In Exam mode, medical students have to perform the procedures of abdominal examinations and make diagnosis based on their observations (symptoms of the virtual patient and the abnormal organs inside Abe). In teach mode, students have access to more information about various symptoms for related organs and diseases. Moreover, they may choose to have a closer look at realistic 3-dimensional internal organs and pick up any individual organ to manipulate.



Since this experience is possibly going to be used in class or a study group, we have to think broader. 

The customers of our experience are not necessarily the actual user of our product. Thus, we need to design for not only the users of the product but for everyone that's involved in the experience.


Design the experience for 4 devices and 3 groups of users on 2 different modes:





Initial design for Meta 1

Version 1

Version 2 - Blue

Version 2 - White

Given that a relatively dark environment is required while using the AR device (especially for Meta 1), I chose to use bright colors so that the UI can stand out, and be more readable and clear. The first version didn't work well due to the field of view and resolution of the device we were using (Meta 1). After the first failure, I realized that texts are really hard to see clear in the goggle. So I designed the second version with only the big text. It turned out to have a pretty good effect and look nice in it.


Design for HoloLens


State - Disabled

State - Hover

State - Selected


Menu with instruction

Menu with instruction



During the migration to the HoloLens, we changed and optimized most of the interactions based on the features of the HoloLens.

For instance, the menu follows your head when you are moving around and you can also choose to pin the menu in 3D space so that you can always go back and find it whenever you want.


In order to let student have a closer look at the detail of the organs, we designed this feature (in the gif below), in which student may walk towards the organs and pick up individual organs to manipulate by saying “rotate” “move” or “scale”. 

As for the organs, the user can click on the "X-RAY" button to see through the patient's body for the purpose of learning the position of the organs inside the body while palpating at the same time. 


NEW UI (Use lines to lead the user)


The line comes out from the organ. Since the field of view is quite limited, I use the line to guild the user to look around in the "world".



MediSIM keeps track of all the necessary steps in the abdominal examination procedure and provides students with a report at the end showing the correct and missing steps.


At first, we decided to use an extra physical button as a trigger for the user to do some interactions. However, after some user testing, we found that it was not intuitive enough and otiose especially since we are using Augmented Reality. Thus we changed it to voice control. The user says certain words ("check") to interact with "the patient".  The last icon is the final one that we are using.
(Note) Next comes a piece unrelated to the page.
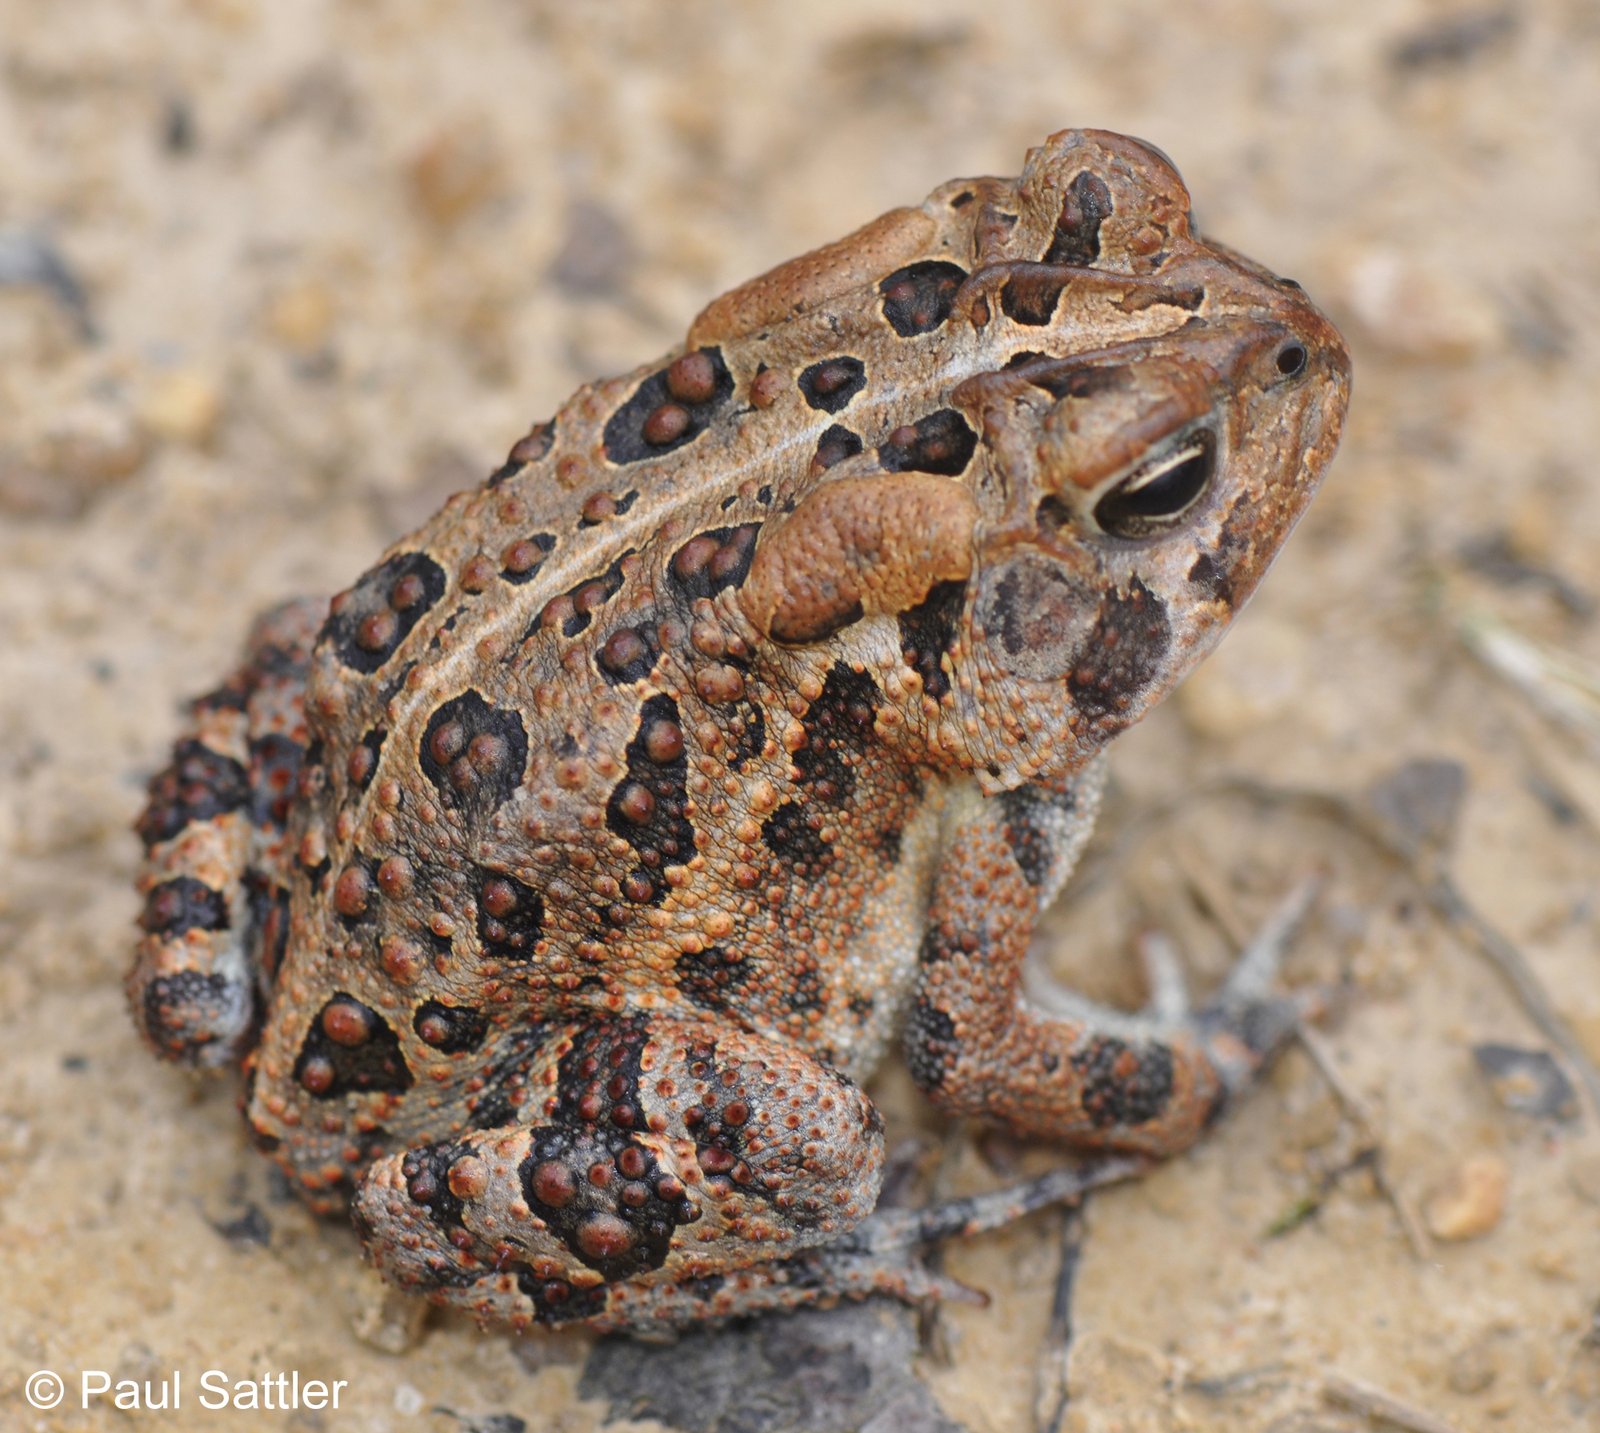 How Long Do Southern Toads Live?

After we got HoloLens, we changed the interactions to a more natural way by just using your hand instead of saying words to the patient, which gives users more control and makes the experience closer to the real situation.



I designed this in order to make sure that the user is wearing the HoloLens right and sees the whole screen.



We have gotten a lot of positive feedback from medical students and industry guests including people from medical and educational industries.